The intervals2d.idx file structure:

• Header (40 bytes):

  • Magic: "MISHAI2D" (8 bytes)
  • Version: uint32_t (4 bytes)
  • Number of entries: uint32_t (4 bytes)
  • Flags: uint64_t (8 bytes)
  • CRC64-ECMA checksum: uint64_t (8 bytes)
  • Reserved: uint64_t (8 bytes)

• Entries (28 bytes per pair):

  • Chromosome 1 ID: uint32_t (4 bytes)
  • Chromosome 2 ID: uint32_t (4 bytes)
  • Offset: uint64_t (8 bytes)
  • Length: uint64_t (8 bytes)
  • Reserved: uint32_t (4 bytes)

Note

Only non-empty chromosome pairs are stored in the 2D index, avoiding O(N^2) space overhead.

Converting to Indexed Format:

# Convert 1D interval set to indexed format
pm.gintervals_convert_to_indexed("my_intervals")

# Convert 2D interval set to indexed format
pm.gintervals_2d_convert_to_indexed("my_2d_intervals")

# Convert and remove old per-chromosome files
pm.gintervals_convert_to_indexed("my_intervals", remove_old=True)

All multi-byte integers are stored in little-endian byte order. The indexed format is fully backward compatible with all PyMisha functions.

Tracks

A Track is a data structure that binds numeric data (floating-point values) to a genomic space (a set of genomic intervals). Track data is typically accessed through track expressions, which are widely used by various functions in the package.

Two fundamental types of tracks exist: 1D and 2D.

1D Track

A 1D track (one-dimensional track) maps numeric values V_0, ..., V_n to non-overlapping 1D intervals. PyMisha supports two formats of 1D tracks: Dense (also called Fixed Bin) and Sparse.

For a Dense track, the size of the genomic interval is always fixed and called the bin size. Numeric values are stored for all genomic intervals that cover the genome, although some values can be NaN. A Dense track file appears as a continuous chunk of values V_0, ..., V_n, where V_i maps to an interval [binsize * i, binsize * (i+1)). Dense track files do not store interval coordinates, allowing them to represent large amounts of numeric data compactly. The size of a Dense track is inversely proportional to the bin size. Random access to a value at a given coordinate has constant complexity, O(1).

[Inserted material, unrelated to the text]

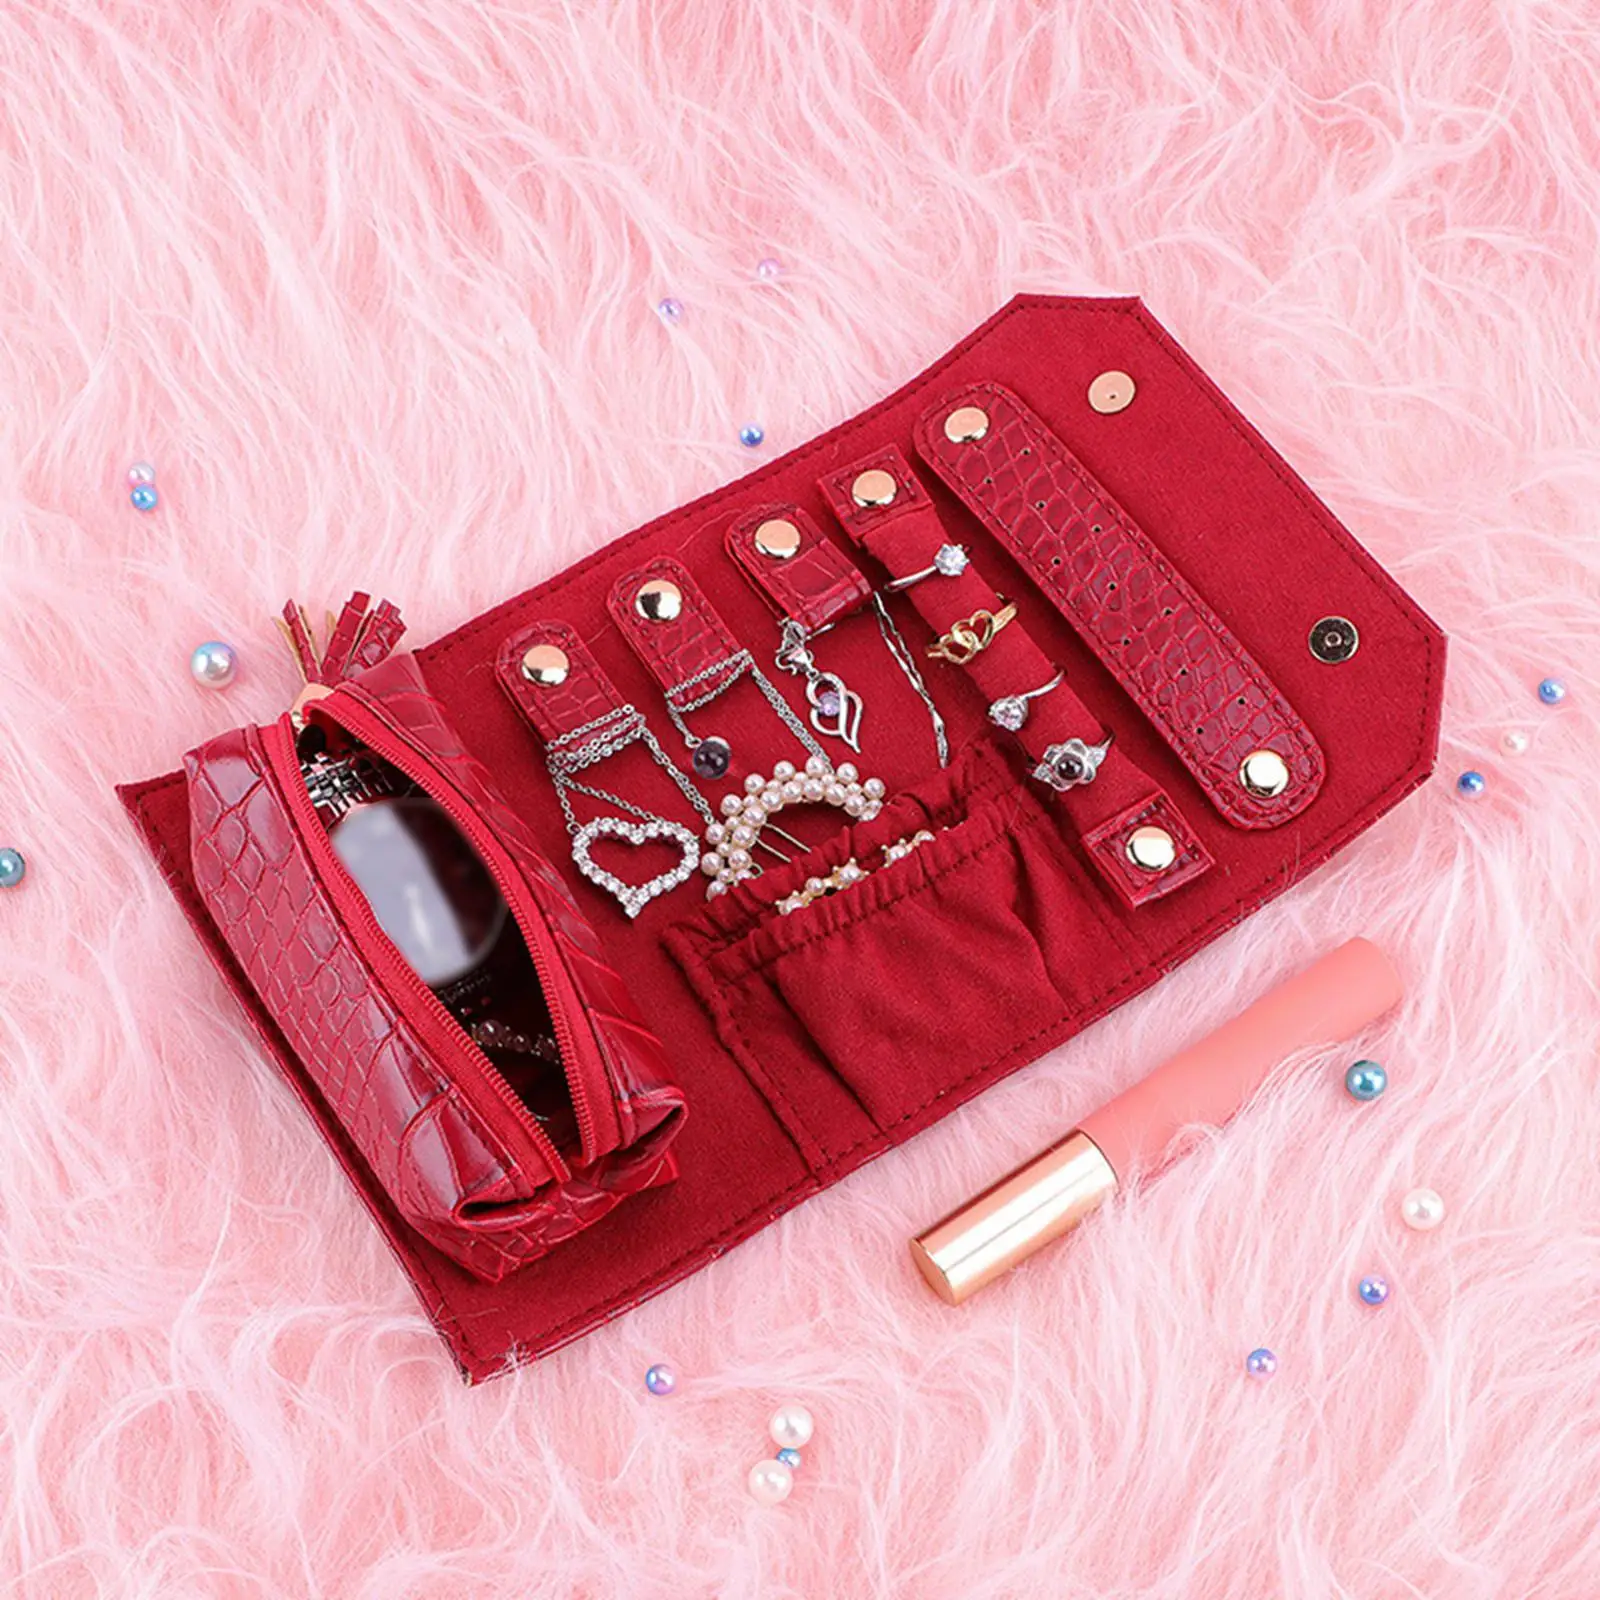 Portable Jewelry Roll Package Storage Organizer Storing Watches, Bracelets, Lipsticks Earrings, Ear Studs Accessory

Sparse tracks offer more flexibility. Each numeric value can map to a genomic interval of any size. The size of a Sparse track is proportional to the number of numeric values (excluding NaN). The complexity of random access to a value at a given coordinate is O(log N), where N is the number of values in the track.

Property	Dense	Sparse
Optimal use case	Data covering nearly the whole genome	Data covering a limited portion of the genome
Values stored	Per bin (interval of a fixed size)	Per interval of an arbitrary size
Random access complexity	O(1)	O(log N)
Disk usage	4 bytes per bin	20 bytes per value

1D tracks can be created with functions such as pm.gtrack_create(), pm.gtrack_create_sparse(), pm.gtrack_create_dense(), pm.gtrack_import(), pm.gtrack_import_set(), and more.

2D Track

A 2D track (two-dimensional track) maps numeric values V_0, ..., V_n to non-overlapping 2D intervals. These are often used to represent interactions between different parts of the genome.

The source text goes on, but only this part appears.